### THE TASK
Go to the line containing "LHN Technology Handb 2014-2015.Pages" in the material below. From there to the end, retype every line exactly and drop the pictures.

[GIVEN DATA]

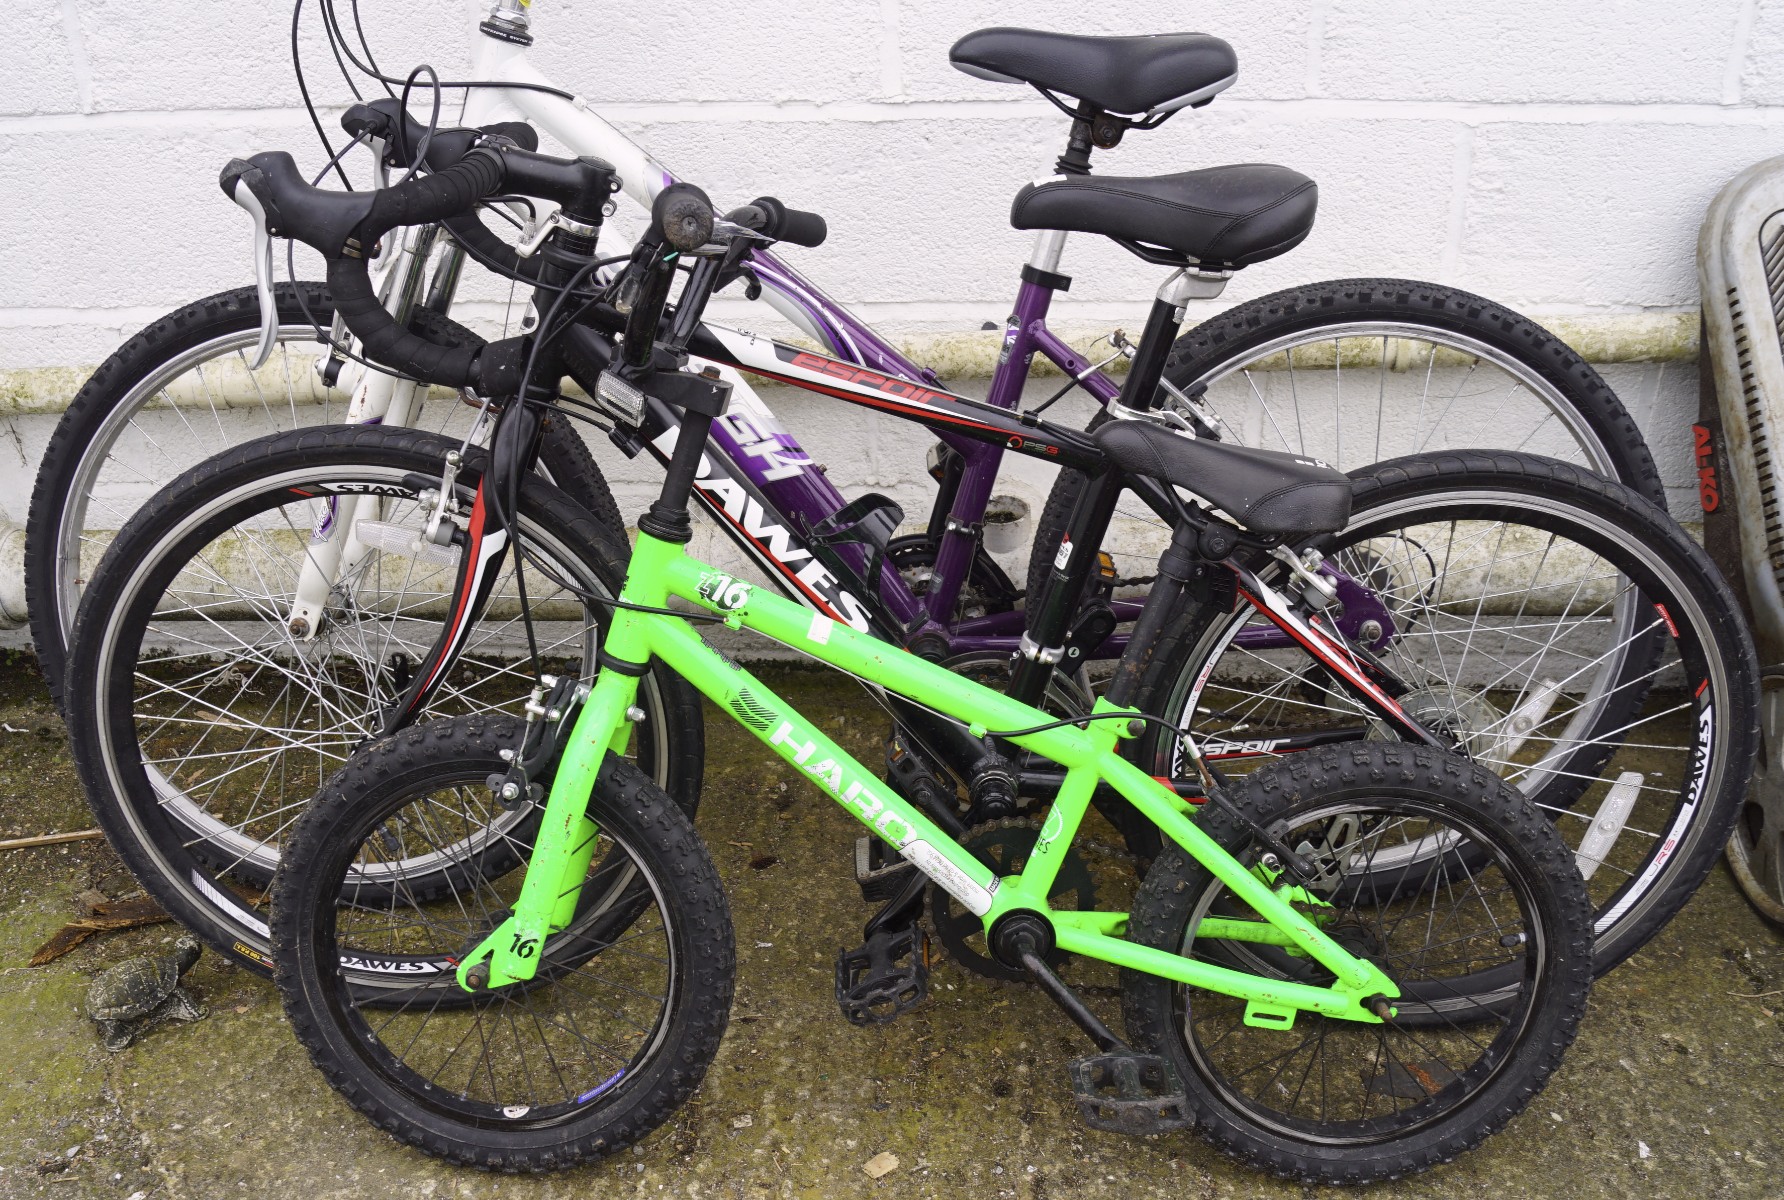 Three push bikes, to include a Dawes espoir racing bike.
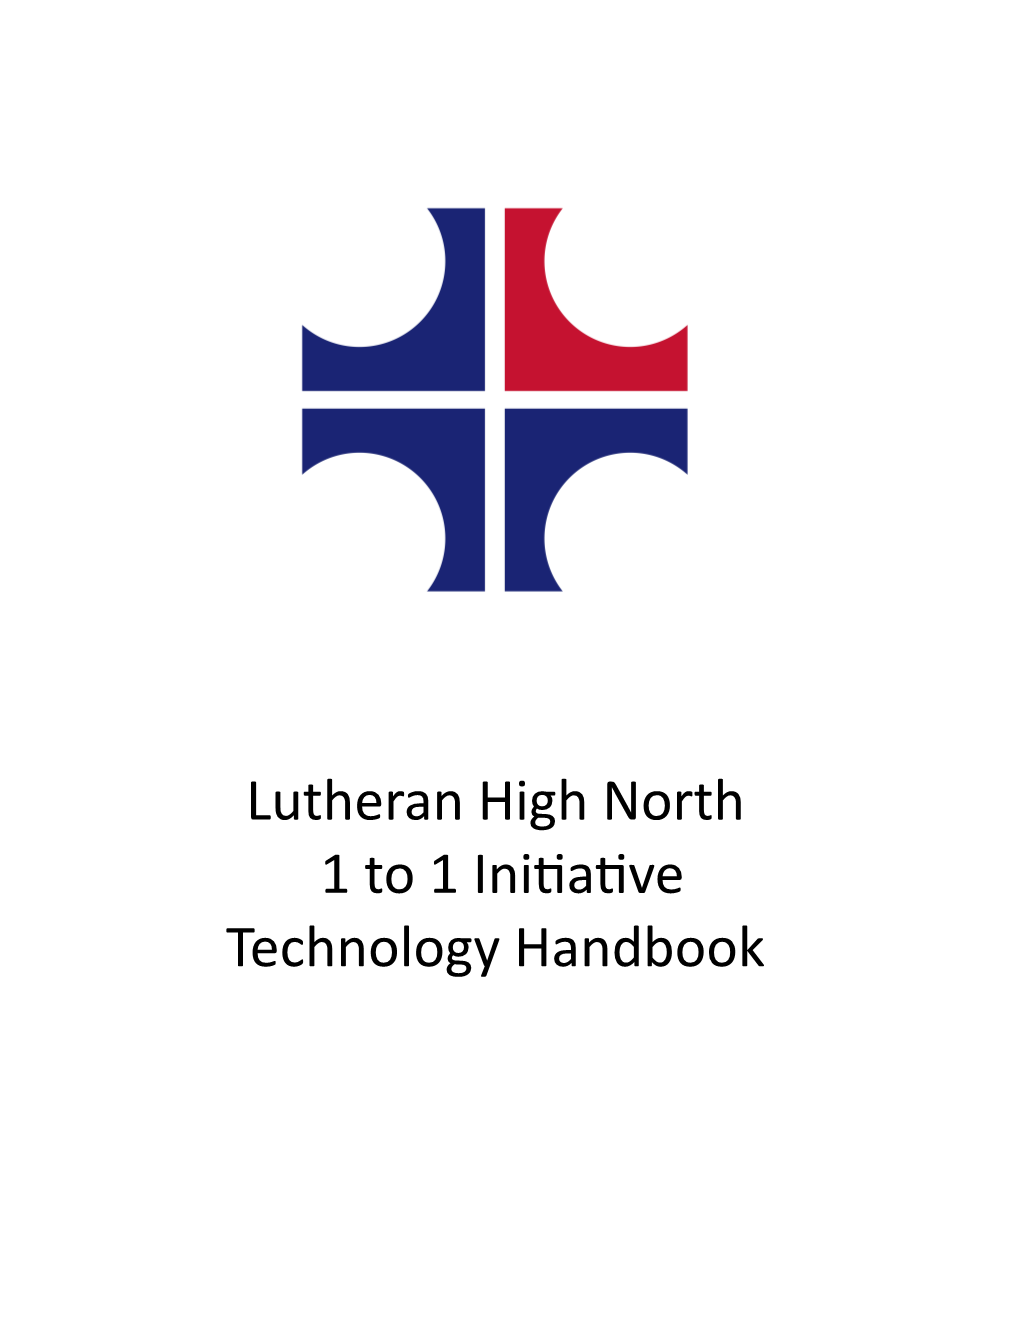 LHN Technology Handb 2014-2015.Pages
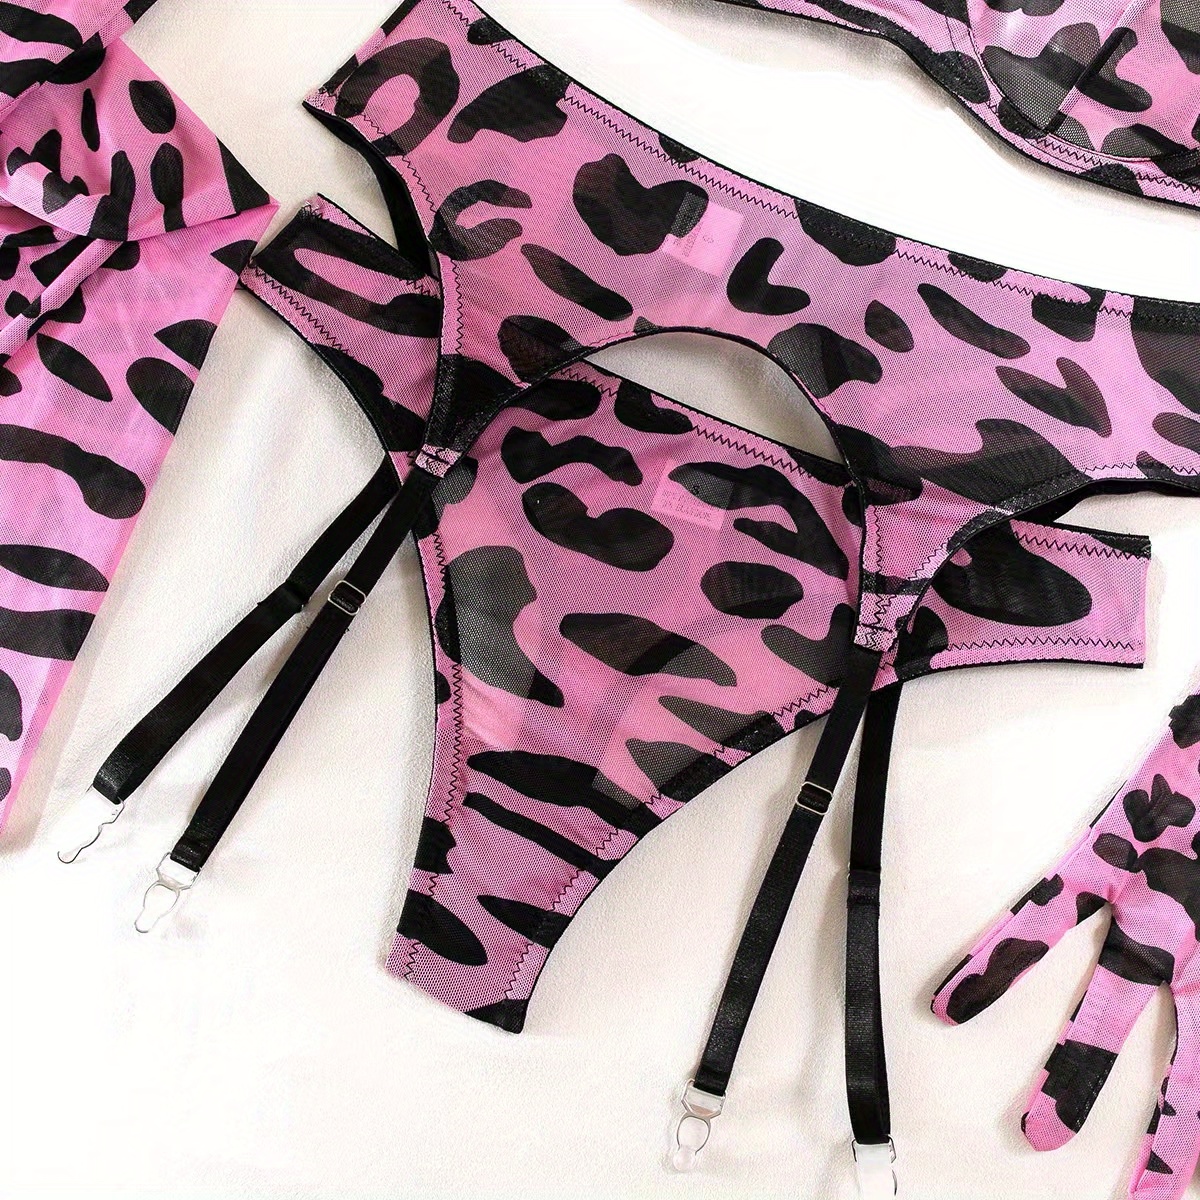 Lace Trim Leopard Lingerie Set, Hollow Out Push Up Bra & Garter Belt Thong,  Women's Sexy Lingerie & Underwear

[/GIVEN DATA]

### WRITTEN SOLUTION
 LHN Technology Handb 2014-2015.Pages
 Lace Trim Leopard Lingerie Set, Hollow Out Push Up Bra & Garter Belt Thong,  Women's Sexy Lingerie & Underwear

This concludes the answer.